*WHAT THE TASK REQUIRES*
Repeat exactly the lines below that lie between the line with "60cm LED Light" and the line with "2 - geanta casual, negru, mini, accesorii", counting both of those lines as part of the answer.

*SUPPLIED MATERIAL*
==*==
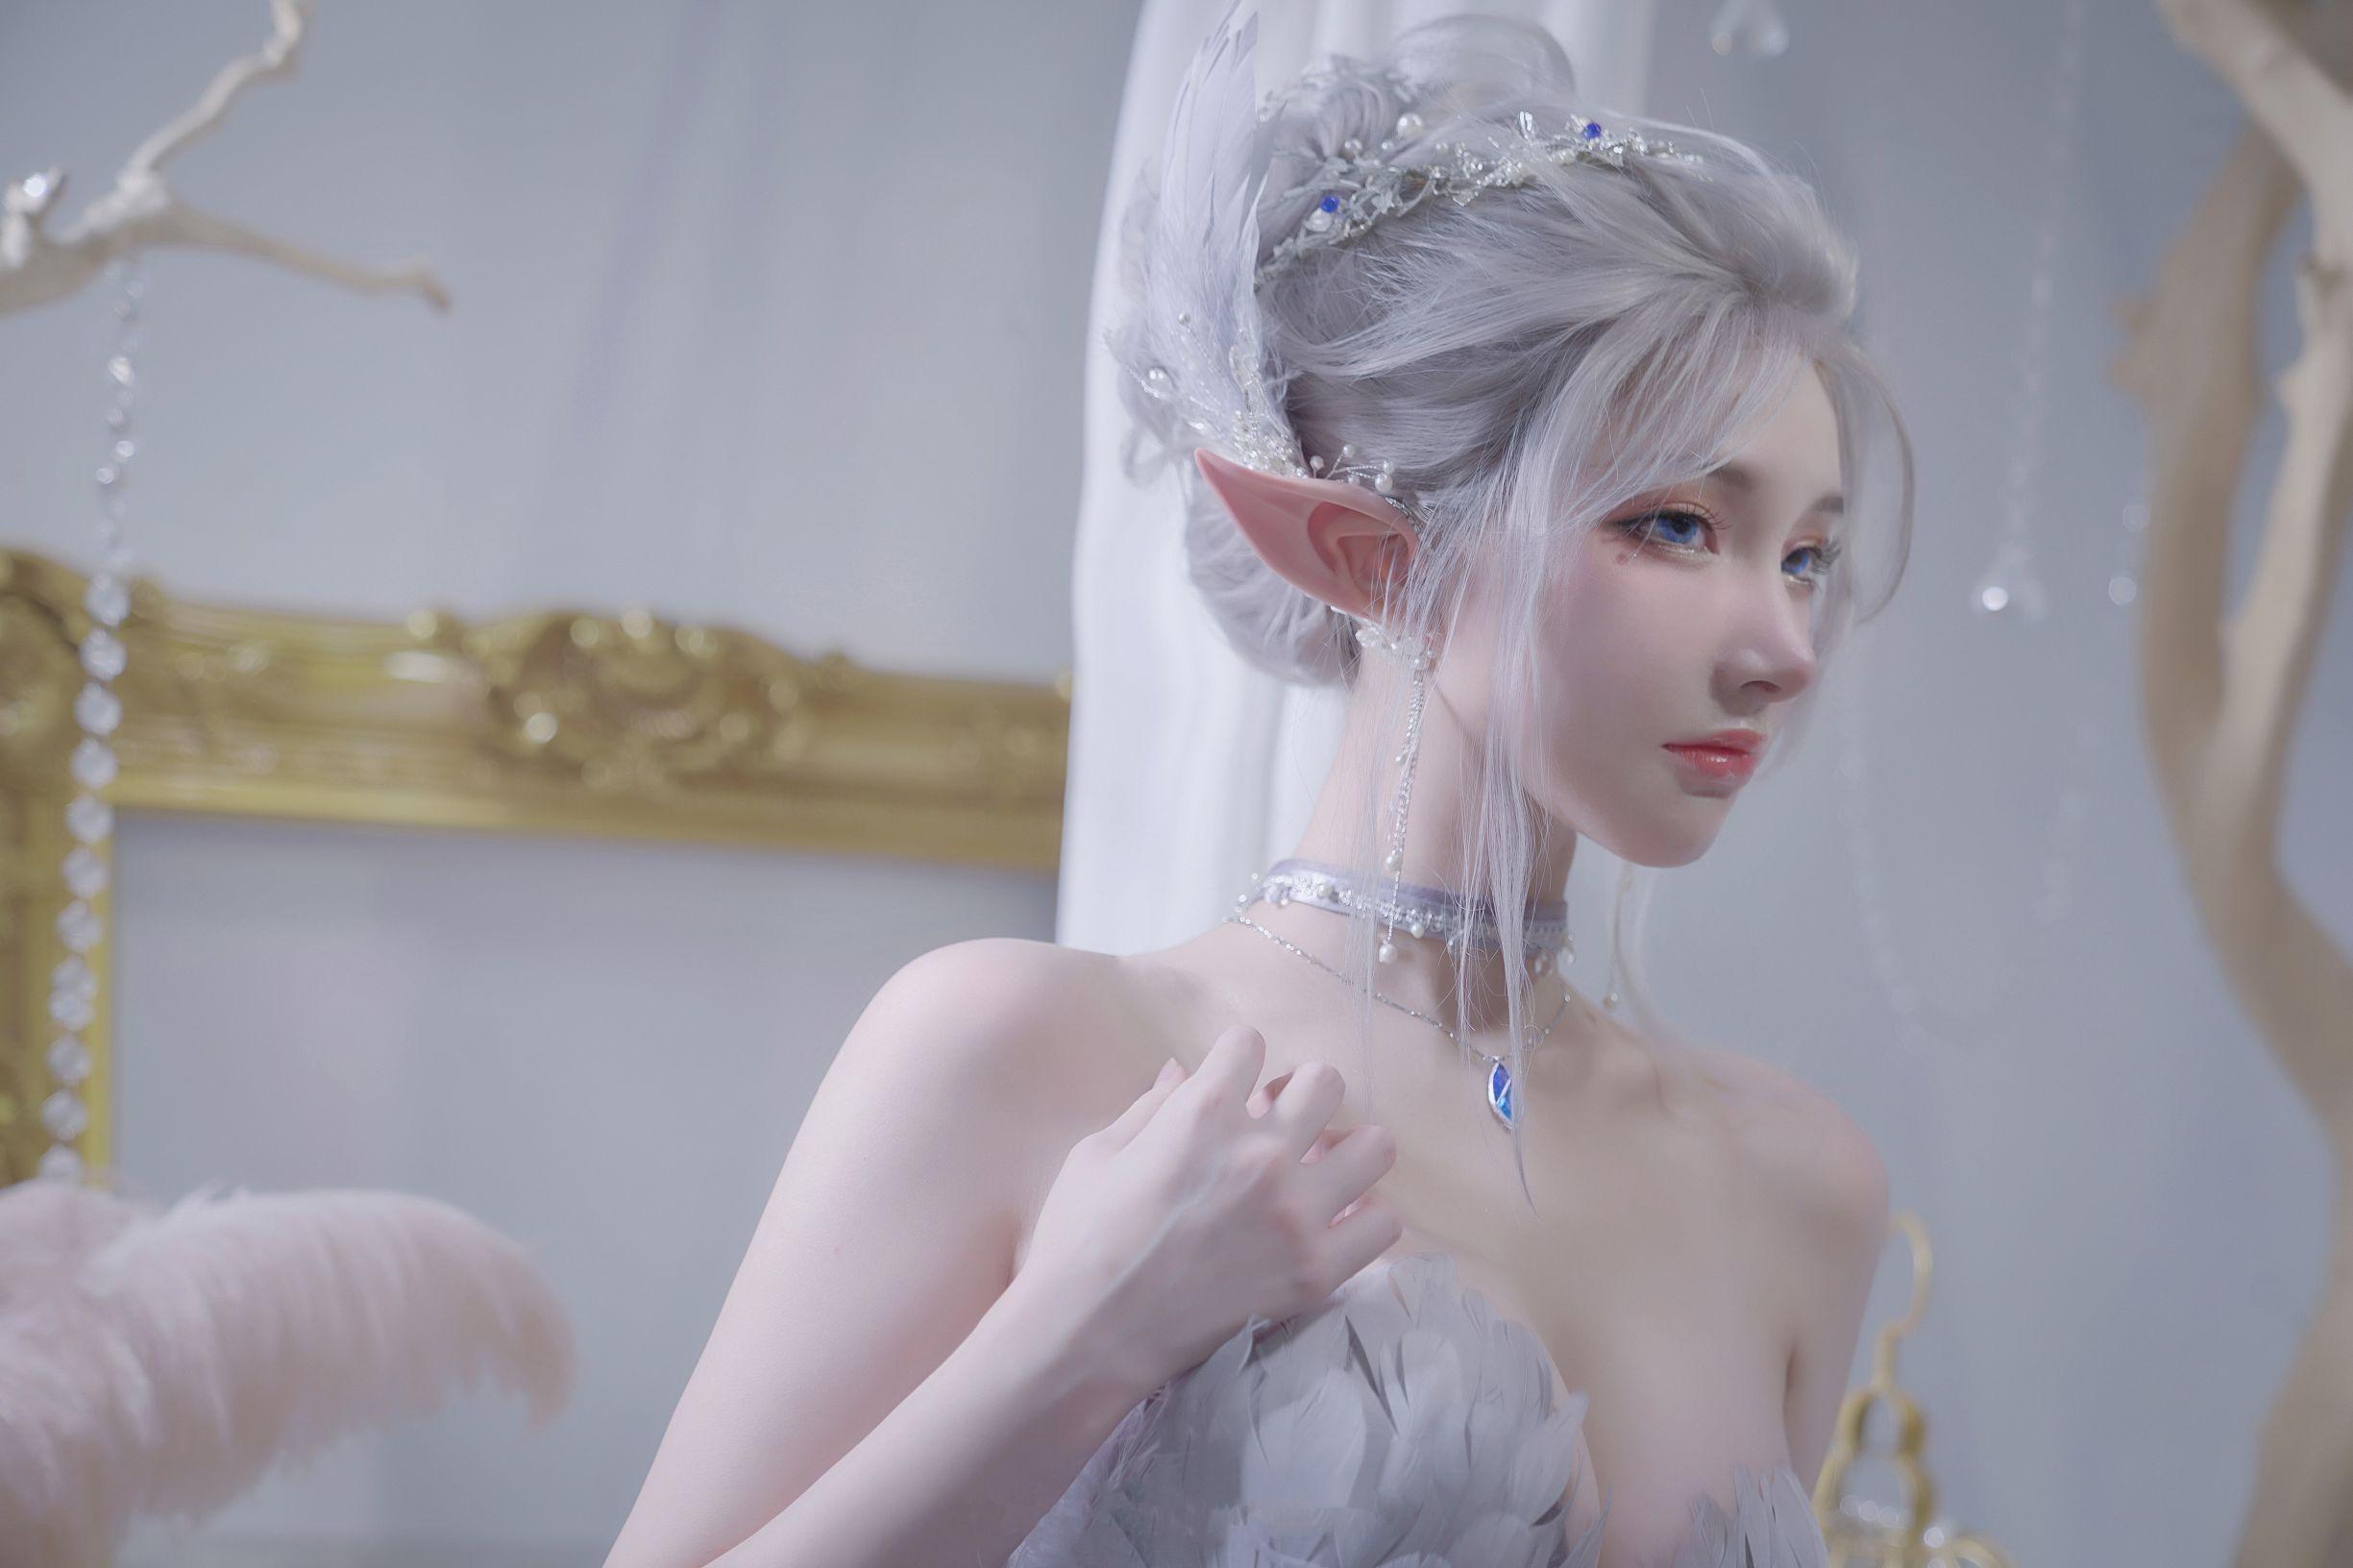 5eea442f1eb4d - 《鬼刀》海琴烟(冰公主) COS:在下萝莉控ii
==*==
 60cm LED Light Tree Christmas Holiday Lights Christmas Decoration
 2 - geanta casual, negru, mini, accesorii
==*==
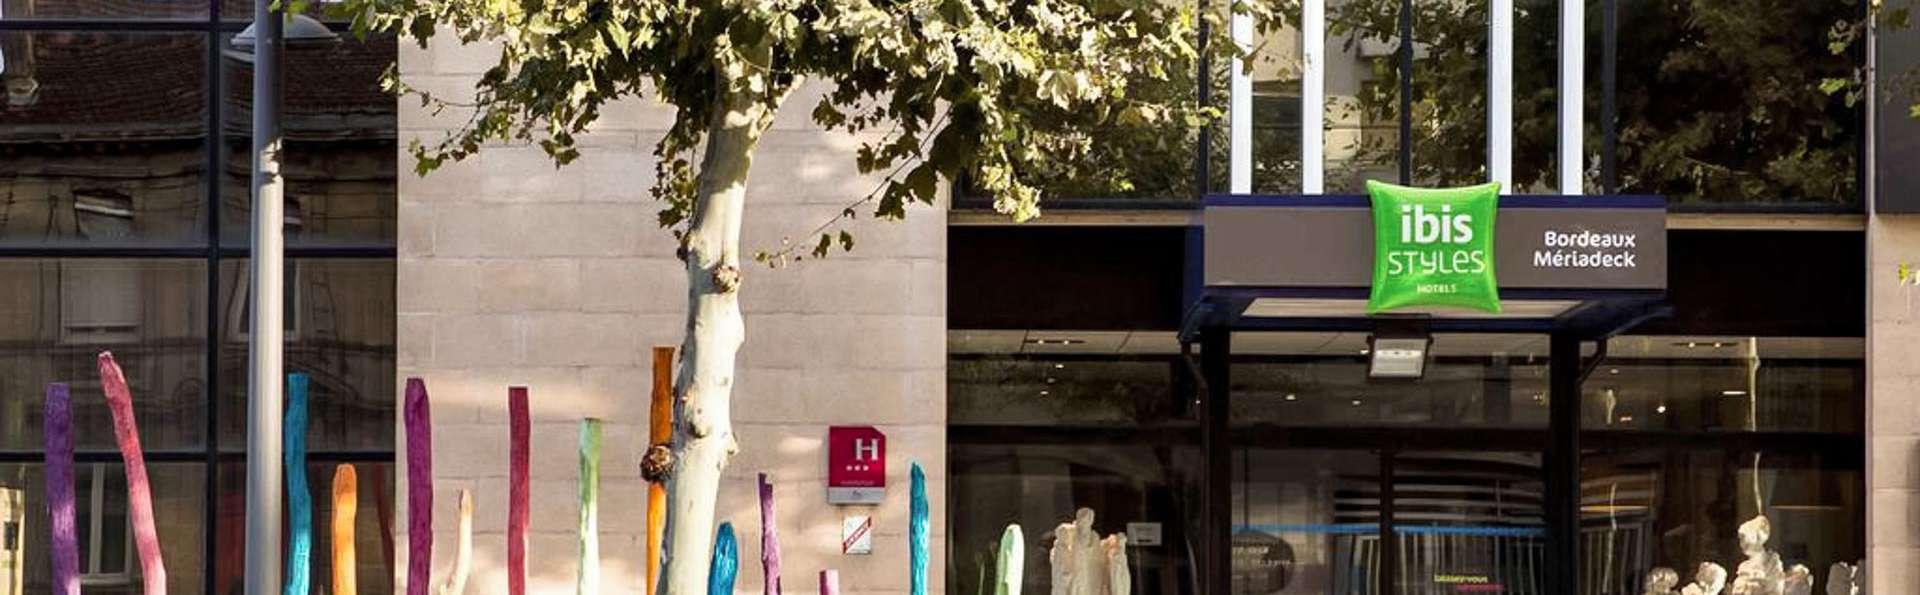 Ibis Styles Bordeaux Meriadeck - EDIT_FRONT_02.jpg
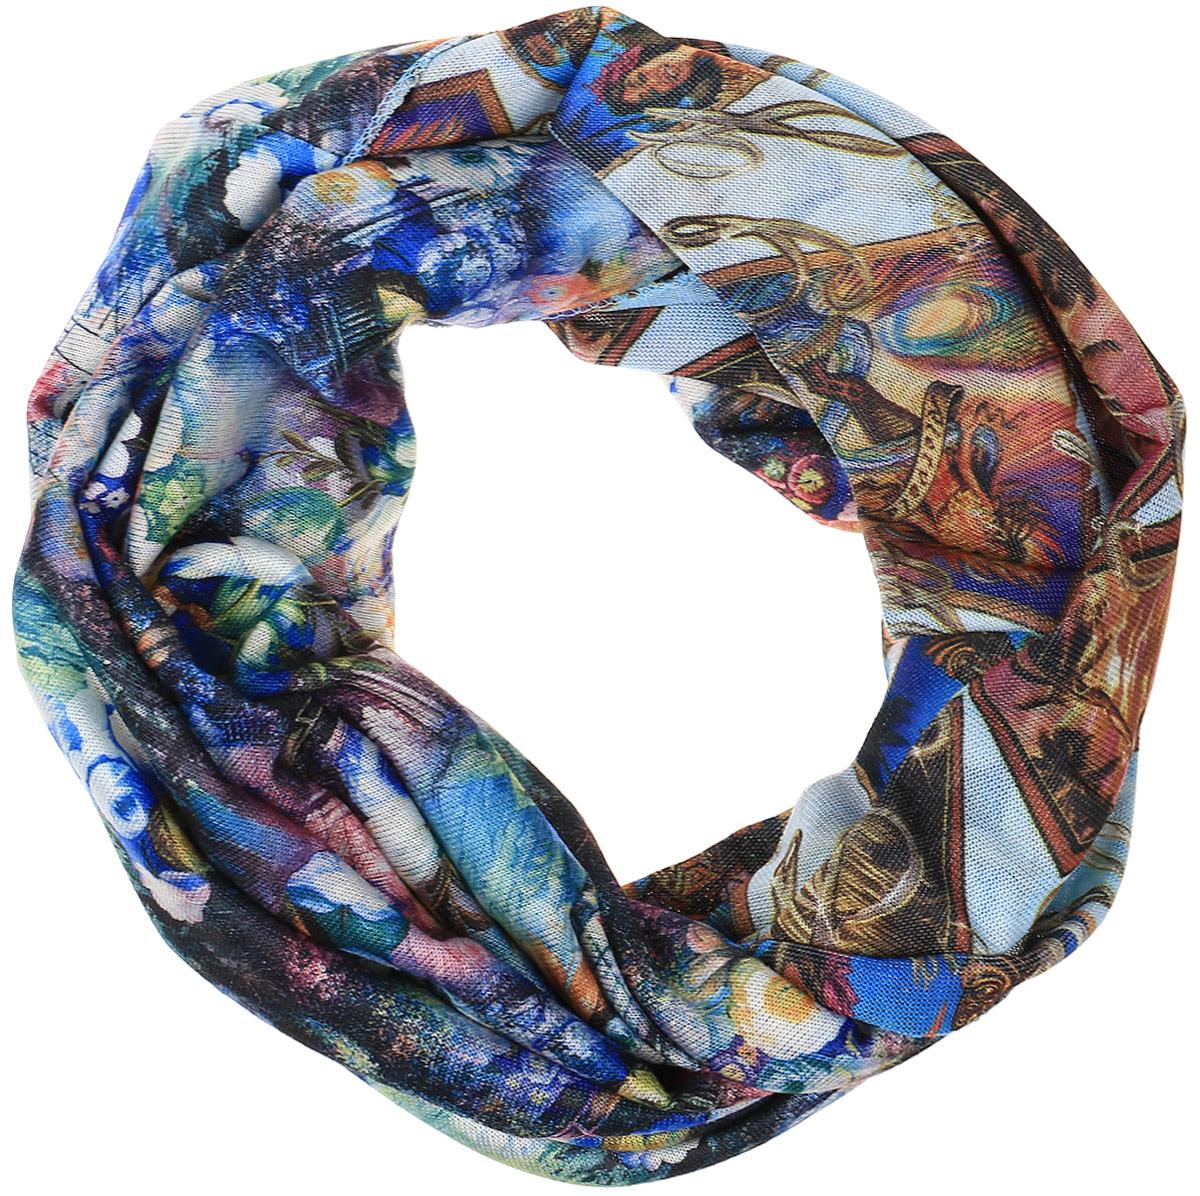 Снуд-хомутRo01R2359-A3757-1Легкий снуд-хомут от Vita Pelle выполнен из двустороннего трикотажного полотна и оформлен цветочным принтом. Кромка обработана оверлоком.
==*==
*FINISHED TASK*
 60cm LED Light Tree Christmas Holiday Lights Christmas Decoration
 2 - geanta casual, negru, mini, accesorii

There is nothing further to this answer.